Joan de Graeff (March 11, 1735 in Amsterdam - March 31, 1754 in Geneva) was a Dutch patrician and held the feudal title Free Lord of Zuid-Polsbroek until his sudden death at the age of 19.

== Biography ==
Joan was a scion of the De Graeff family and the only child of Gerrit de Graeff and his first wife Maria Elisabeth Sautijn (1709–1736), daughter from Jan Sautijn, burgomaster of Amsterdam and Constantia Catharina Munter. Through the Sautijns he was a cousin to the families Lampsins and Clifford. After his father's early death at late 1752, he became his successor as Vrijheer of Zuid-Polsbroek. Joan died unmarried while traveling at Geneva, where he is also buried.

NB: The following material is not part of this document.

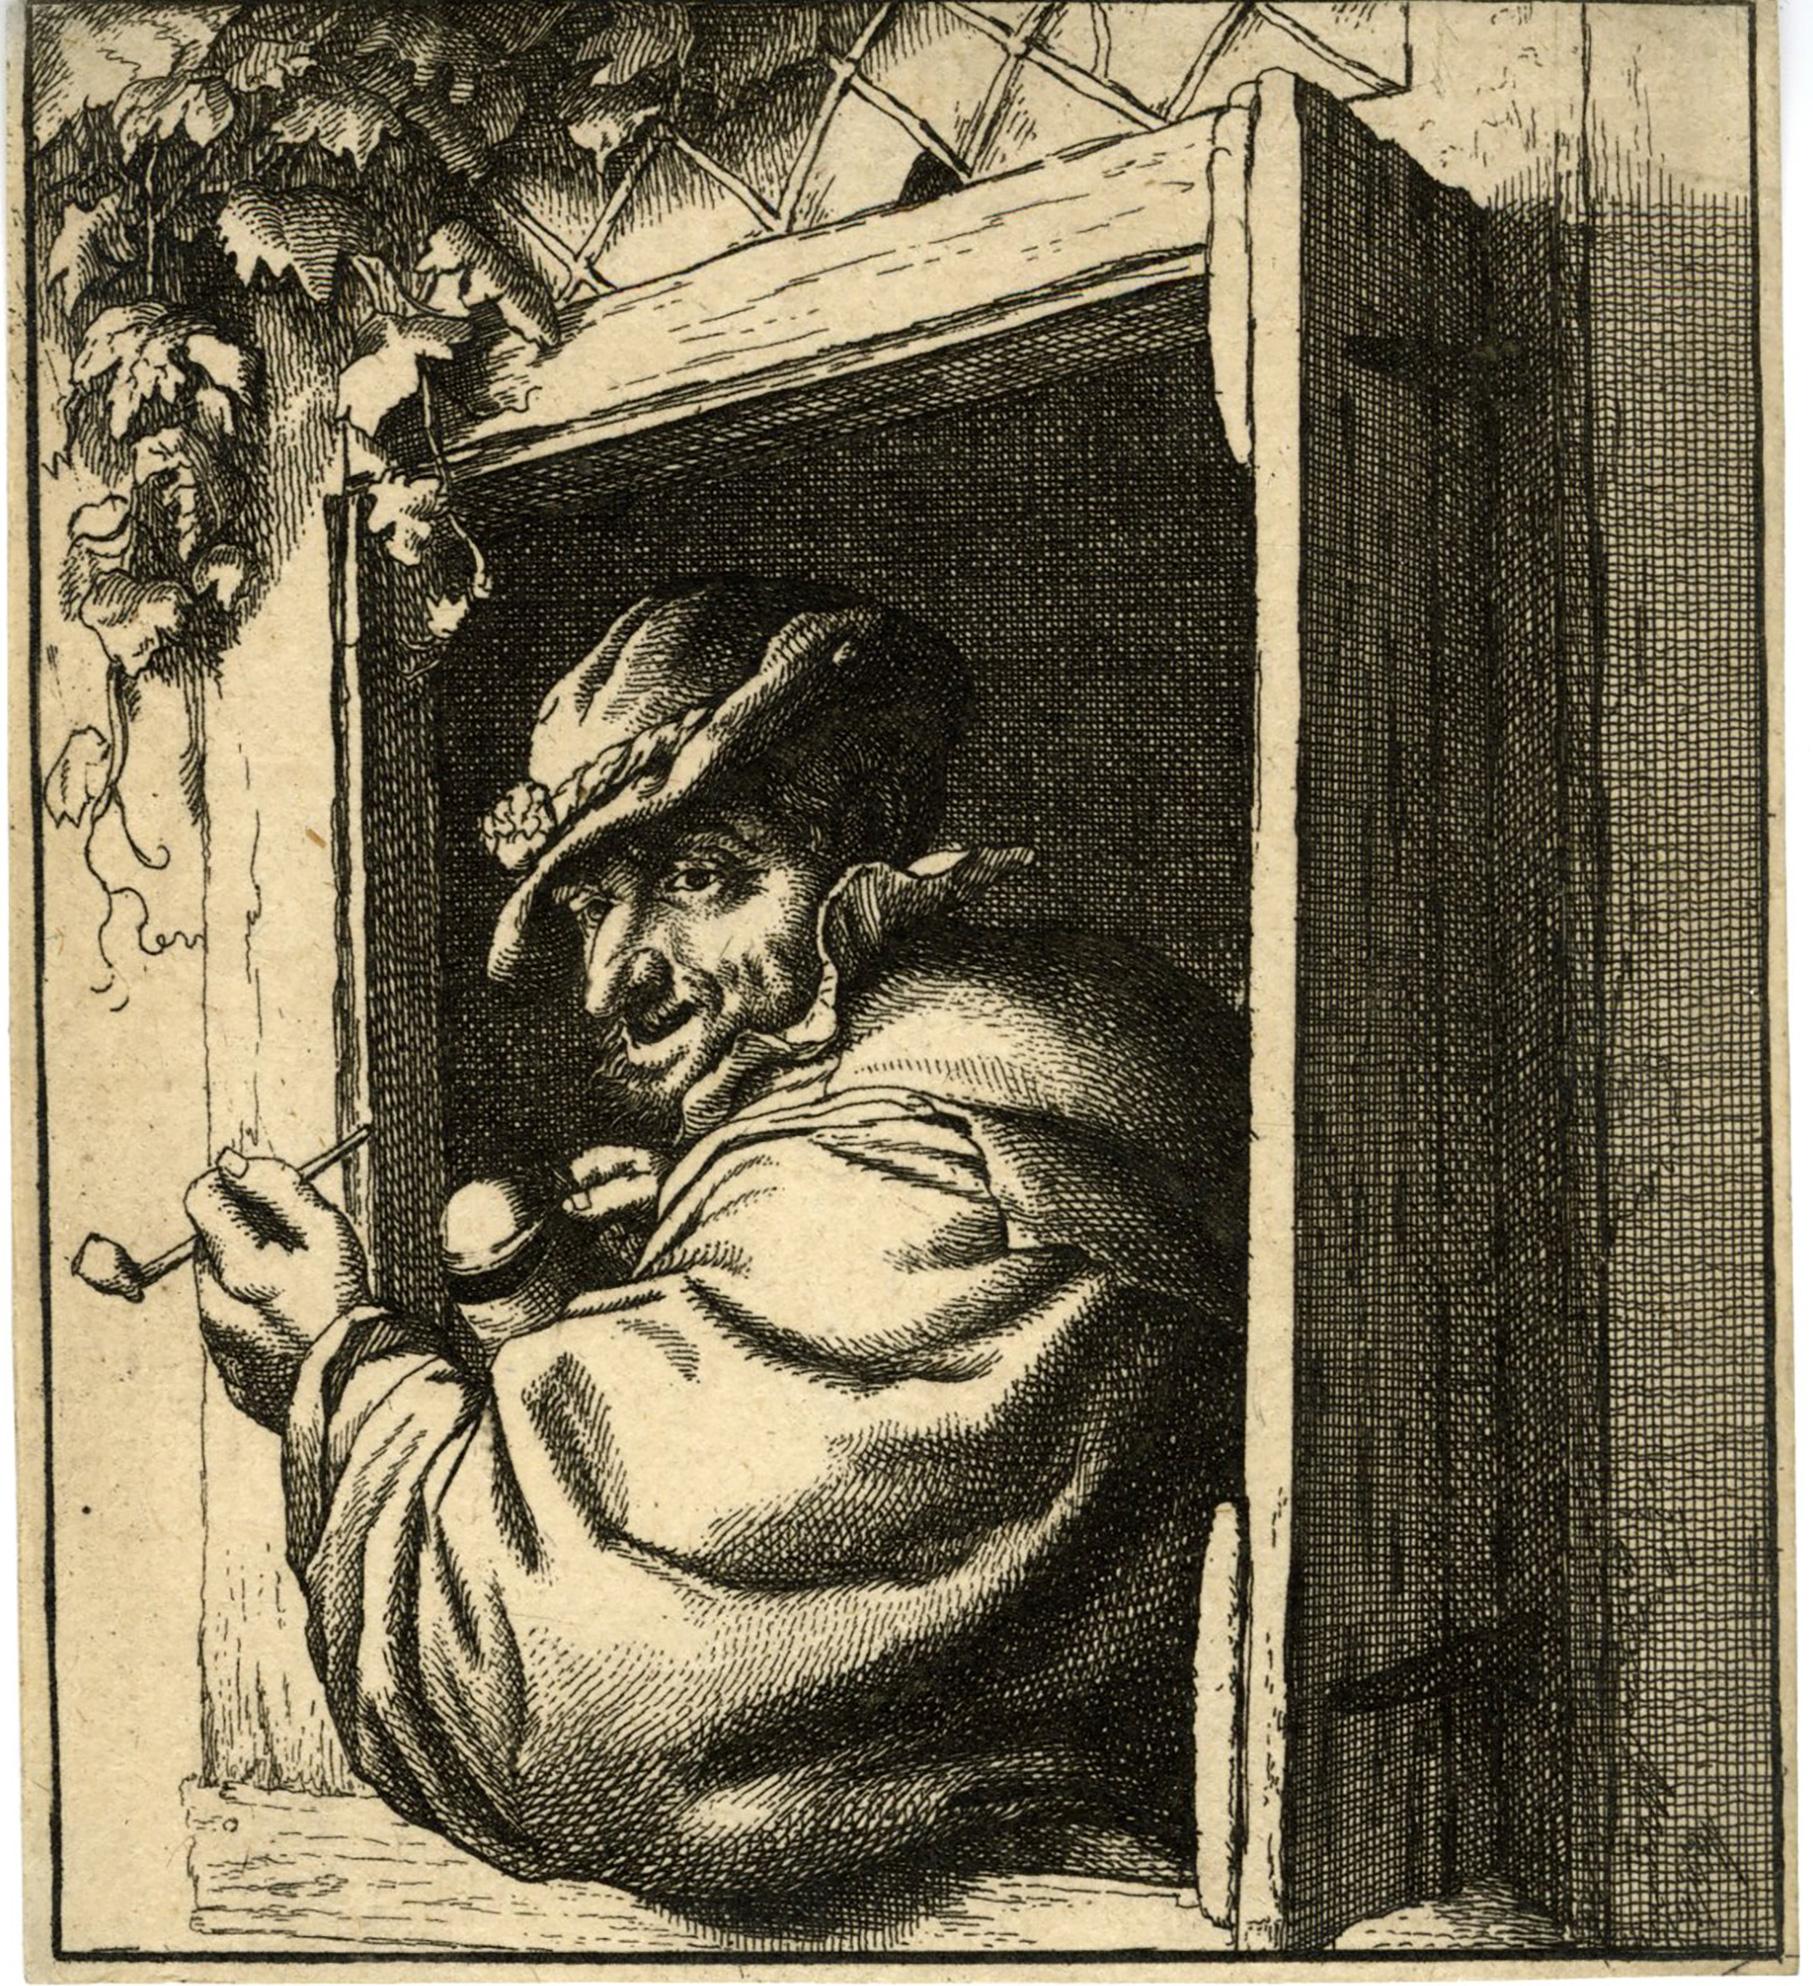 Adriaen van Ostade Portrait Print - The Smoker at the Window by David Deuchar, after Ostade

After his sudden death his younger half-brother Gerrit de Graeff (II) van Zuid-Polsbroek from his father second marriage with Elizabeth Lestevenon (1716–1766) succeeded him in Polsbroek.

== Coat of arms ==
The personal coat of arms of Joan de Graeff is quarterd with a heart shield and shows the following symbols:
- heart shield shows the three silver rhombuses on red (originally from the family Van Woerdern van Vliet) of the High Lordship Zuid-Polsbroek
- field 1 (left above) shows the silver shovel on red of their paternal ancestors, the Herren von Graben
- field 2 (right above) shows the silver swan on blue of the Fief Vredenhof [or that one (Waterland) of their maternal ancestors, the De Grebber family
- field 3 (left below), same as field 2
- field 4 (right below), same as field 1
- helmet covers in red and silver
- helm adornment shows an upright silver spade with ostrich feathers (Herren von Graben)
- motto: MORS SCEPTRA LIGONIBUS AEQUAT (DEATH MAKES SEPTRES AND HOES EQUAL)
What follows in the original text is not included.